Tom Wilson, assistant vice president, Research Affairs, and senior research administrator, is chronicling his visit to Haiti with a medical team from Rush University Medical Center.
Day Three: We spent our second day at the church-based community clinic at the Eglise Khartienne in Carrefour.
Pastor Lemet Zepher spoke to our team before the clinic opened to patients, giving the background of how the clinic was founded and is maintained through volunteers in his church community. The clinic is open to the entire Carrefour neighborhood, not just the church members, and is held on the first and second floors of the church building. The pastor explained expansion plans, which include the construction of separate education and clinic buildings.
I spent most of the day in the pharmacy cleaning and organizing the pharmaceuticals as well as hunting down specific drugs for the physicians and nurses on our team. We treated 140 patients in our clinic with primary care and physical rehabilitation issues.
I was particularly struck by an elderly woman who was receiving rehabilitation treatment of a leg injury. The woman was learning to walk on one of our donated crutches and struggled to walk only a few feet. Her struggle reminded me of the time I spent with my mother at her rehabilitation hospital in New Jersey when she was recovering from orthopedic surgery on the fractured of her femur. I could see my mother’s pain in the face of this woman in Carrefour and was very moved to see the patience and care provided by our physical therapist, Katie Koren.
I went for a long walk in the Carrefour neighborhood and was quickly surrounded by neighborhood children, who I nicknamed the Carrefour Gang.
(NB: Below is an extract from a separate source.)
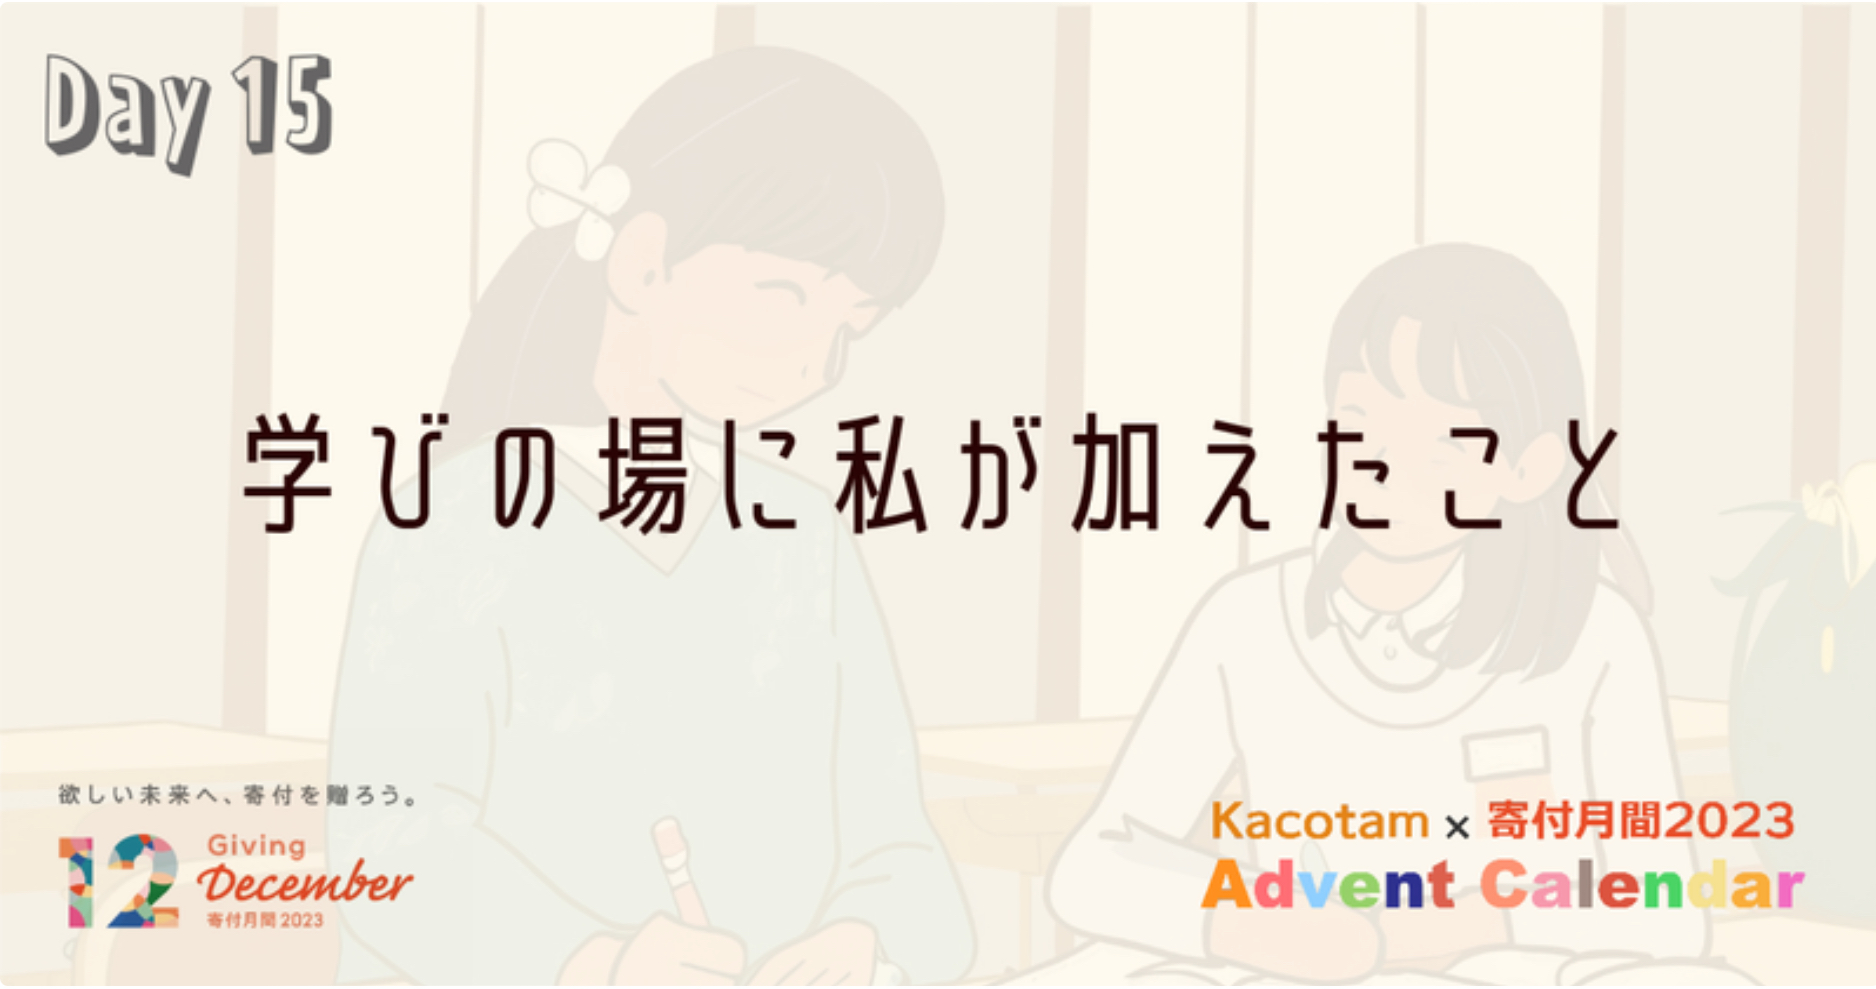 【15日目】「Kacotam x 寄付月間2023 アドベントカレンダー」の記事を公開しました

Day Four: This was our last day at the Carrefour Clinic, and I spent the day dispensing medications based on the orders from the medical team members. Dave Unger worked to complete the organization of the pharmacy with help from Babs Waldman, Monal Joshi and our team leader Stephanie Wang. We had 120 patients visiting the clinic and were busy with a short break for peanut butter sandwiches and a real treat of Ruffles potato chips.
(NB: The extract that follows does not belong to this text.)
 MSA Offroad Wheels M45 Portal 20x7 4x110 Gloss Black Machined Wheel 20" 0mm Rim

Once all the patients were seen in the clinical the Carrefour Gang arrived. Luckily, we brought gifts for the neighborhood children and distributed candy, toothbrushes, bottles of bubbles, candy treats and Gatorade.
Meals at the hostel have been very good, with full breakfast of eggs, ham, juice and coffee. The dinner buffet usually includes vegetables, chicken and rice and beans. This evening we had anniversary cake in honor of Sandra and Dave Unger’s anniversary.